- PROBLEM TO WORK ON -
When you reach the line containing "gold victorian frames", start transcribing exactly and continue through the last line of the data, skipping every picture.

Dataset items

------------------------------------

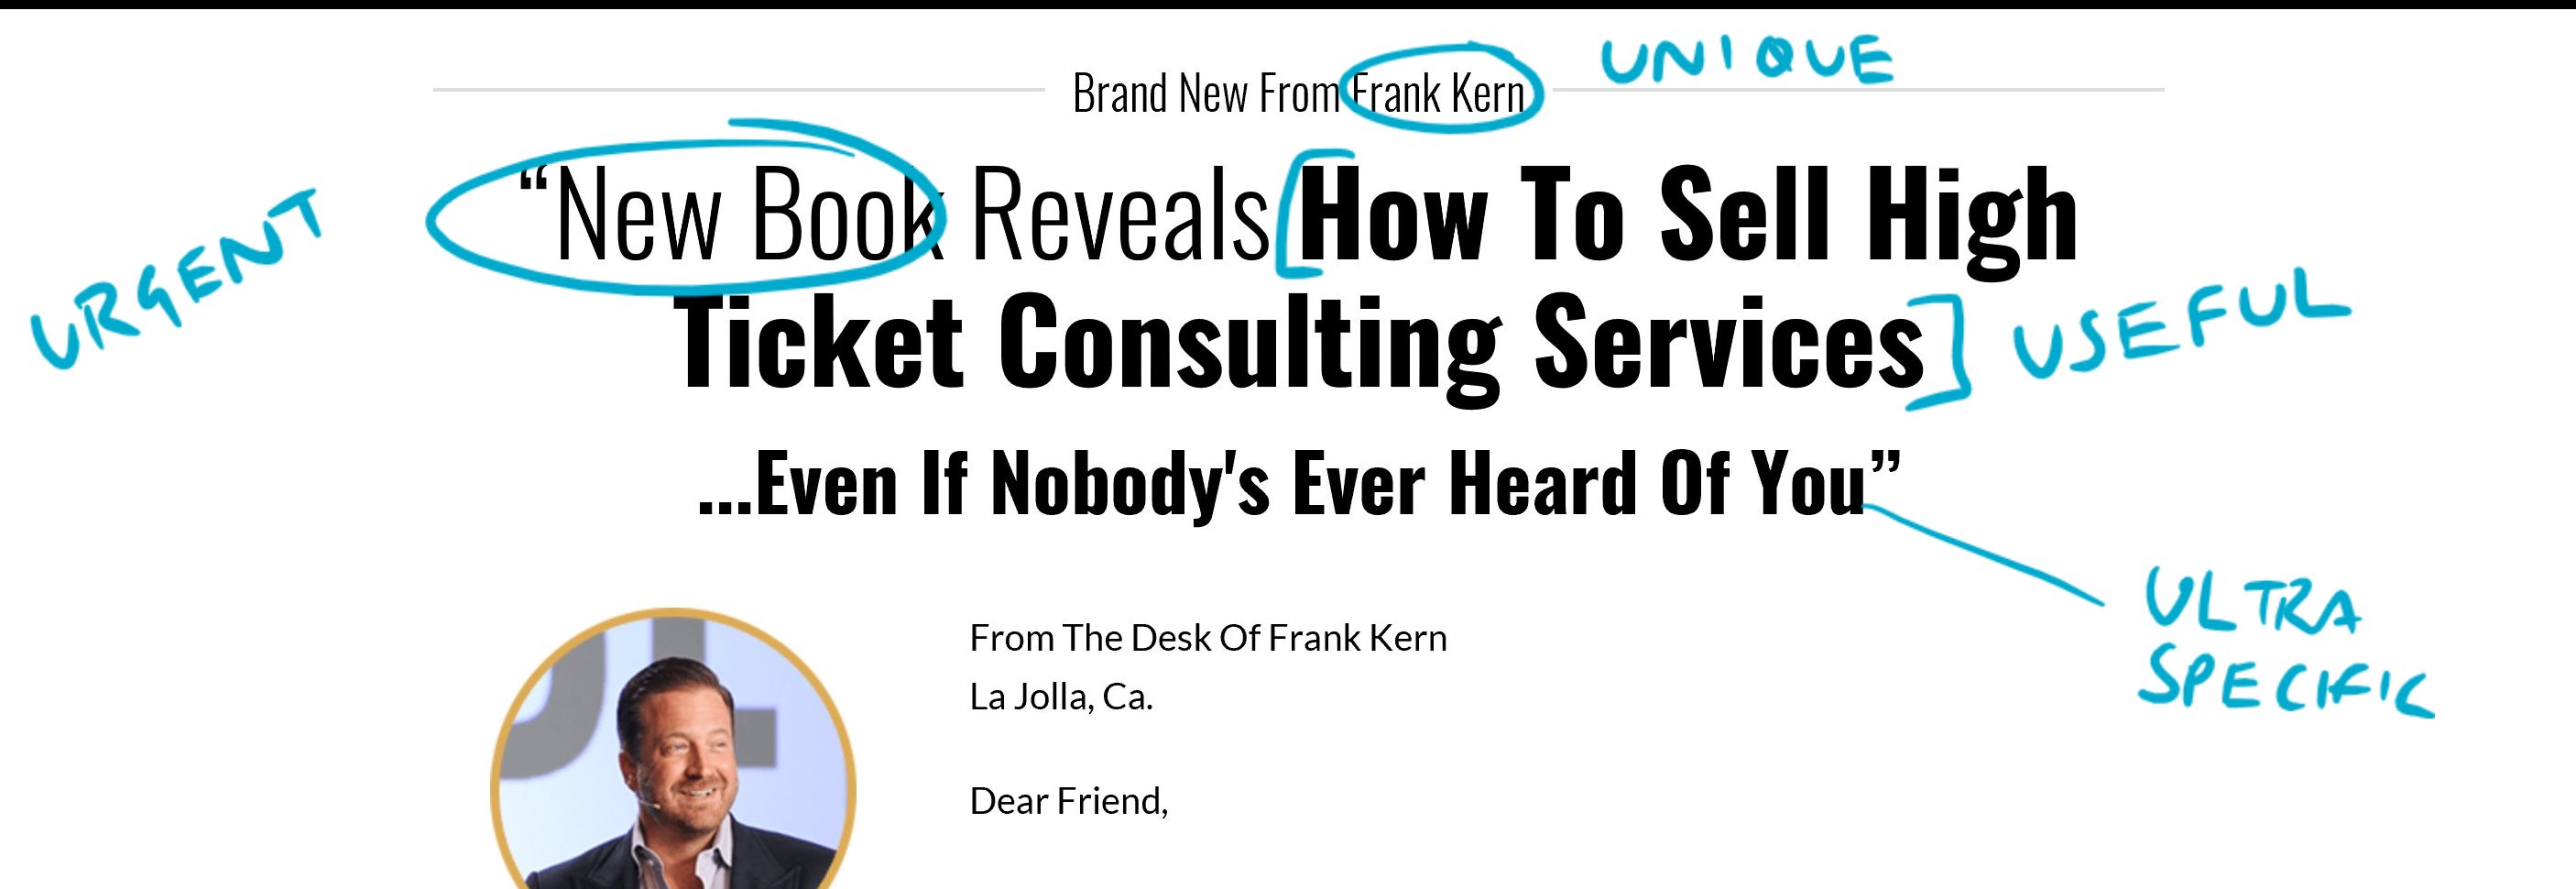 Frank Kern sales funnel, Frank Kern sales letter marketing funnel, Frank Kern sales copy, sales copywriting
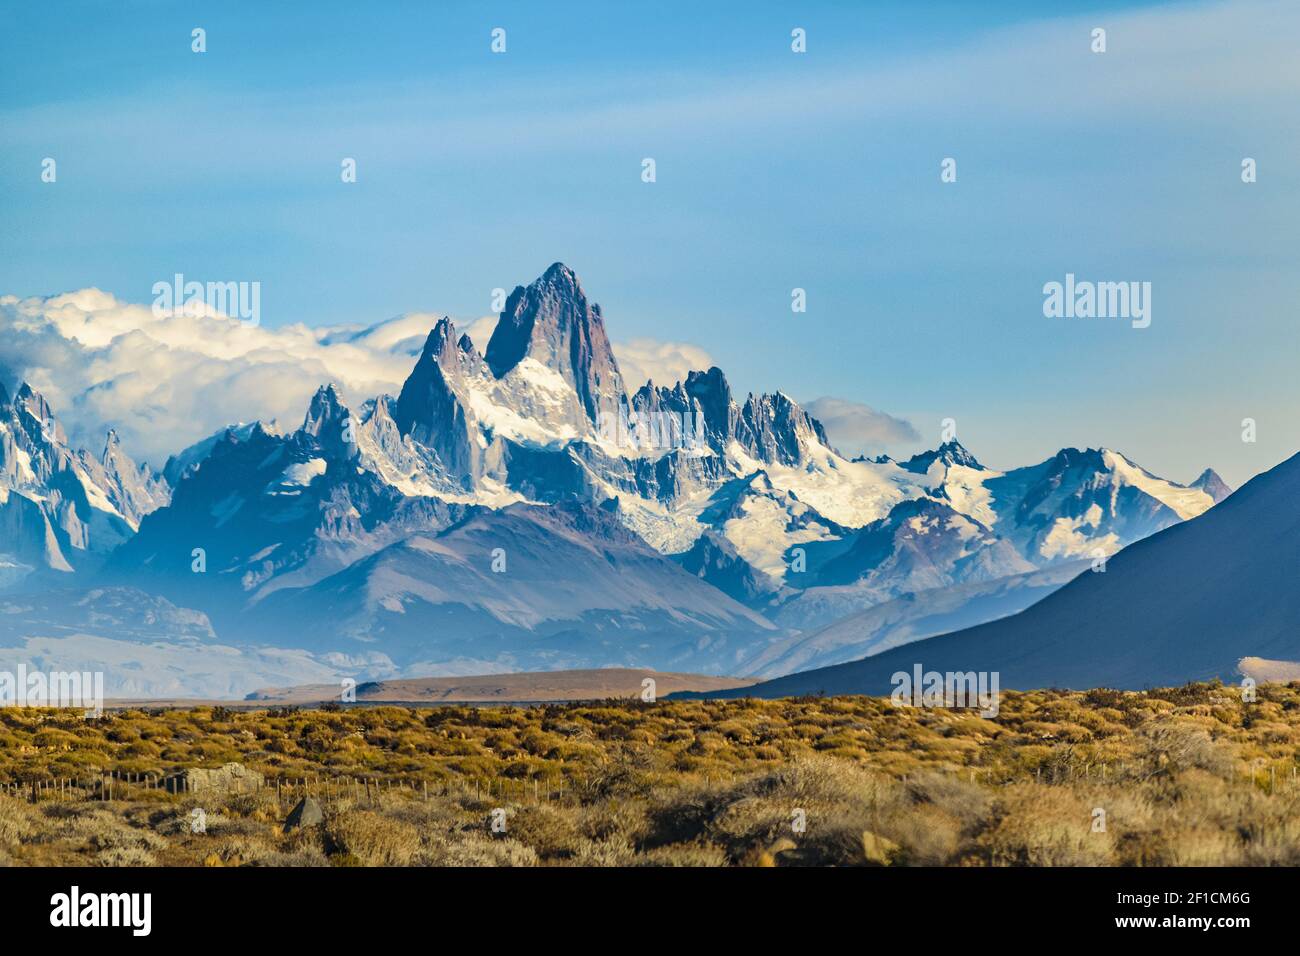 Snowy Andes Mountains, El Chalten, Argentina Stock Photo
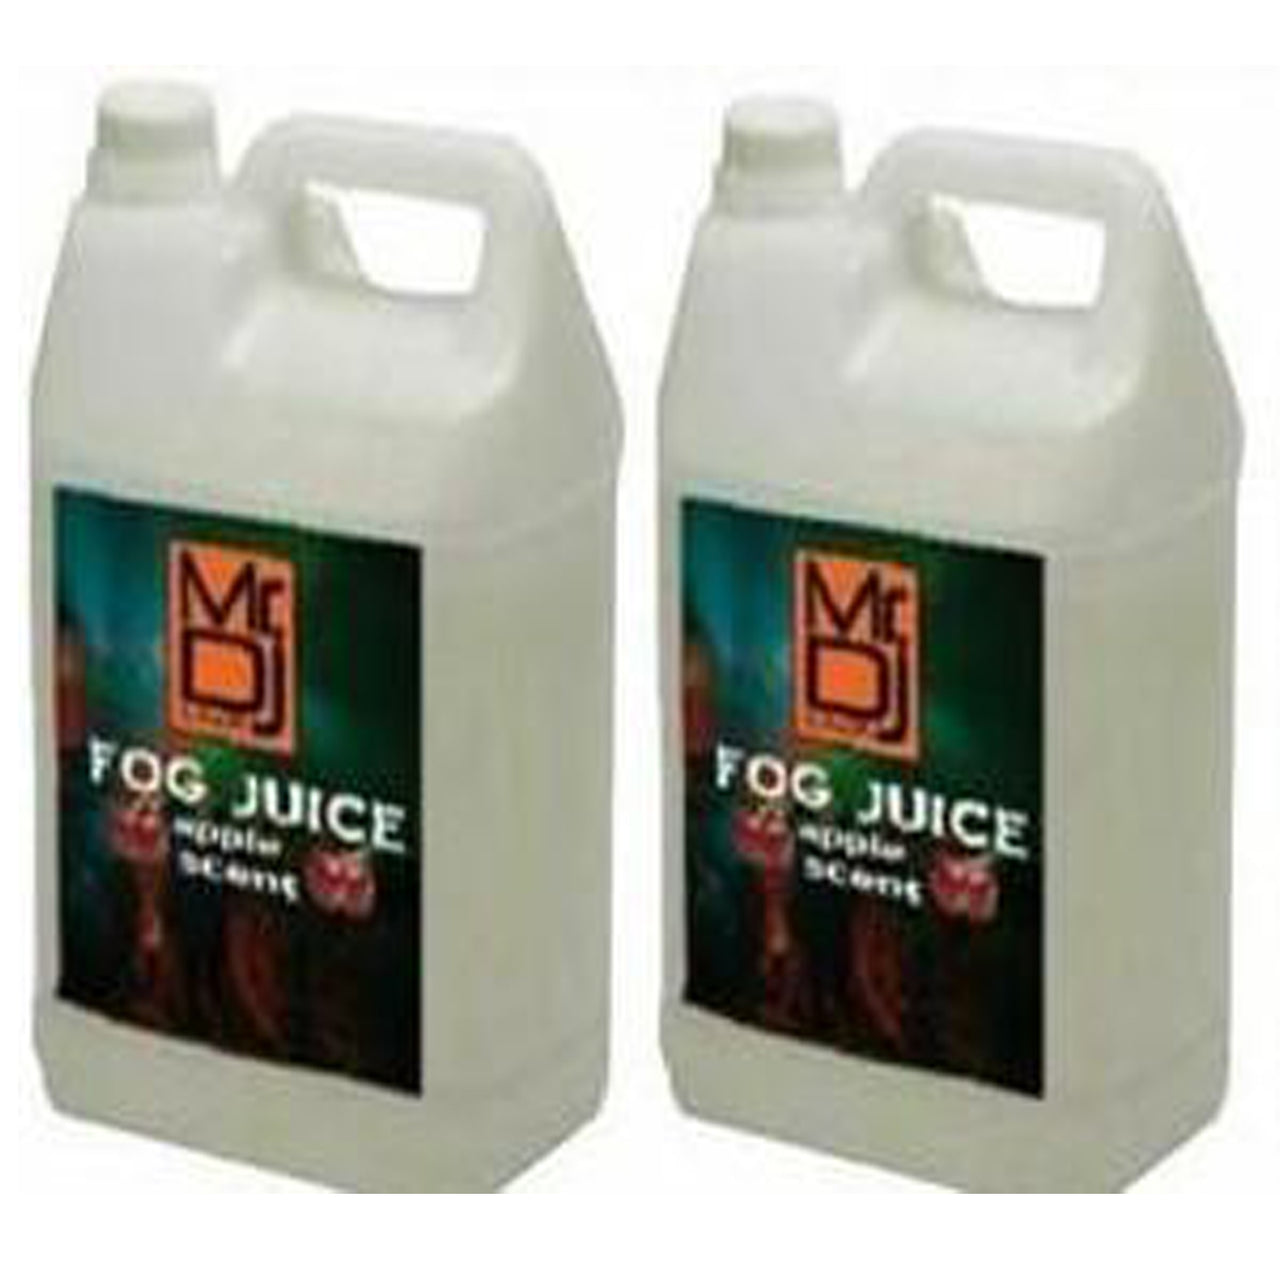 2 MR DJ Gallon Fog/Juice Fluid for Chauvet, ADJ, Machine Fog Juice Fluid Apple Scent Gallons of Fog/Smoke/Haze Machine Refill Liquid Juice Water Based Fog Machine Fluid
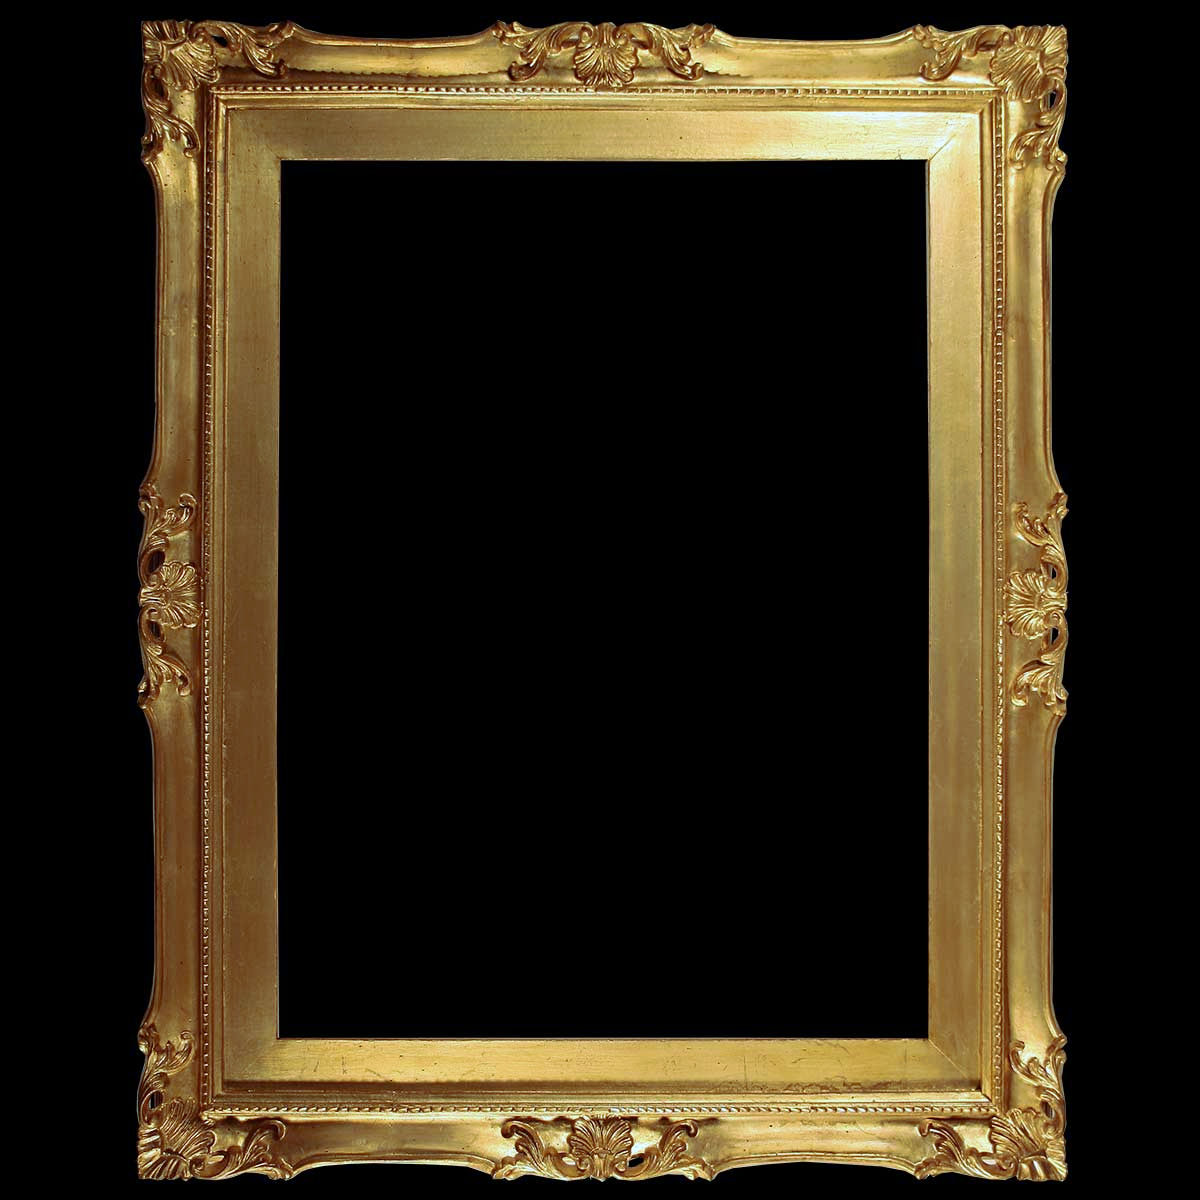 gold victorian frames
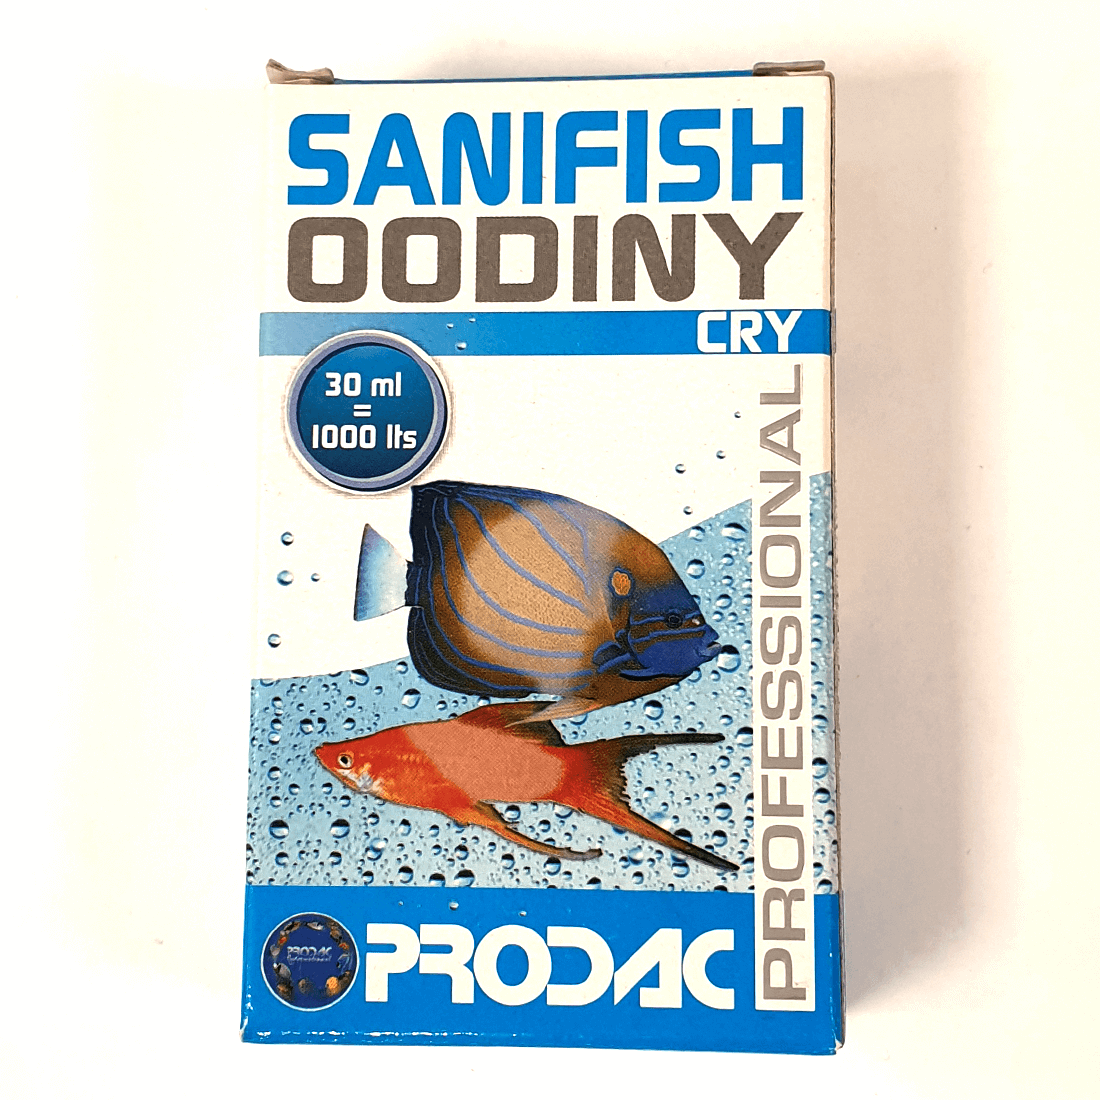 Tratament pentru pesti Prodac Sanifish Oodiny Cry 30ml

------------------------------------

- ANSWER SPACE -
 gold victorian frames
 Tratament pentru pesti Prodac Sanifish Oodiny Cry 30ml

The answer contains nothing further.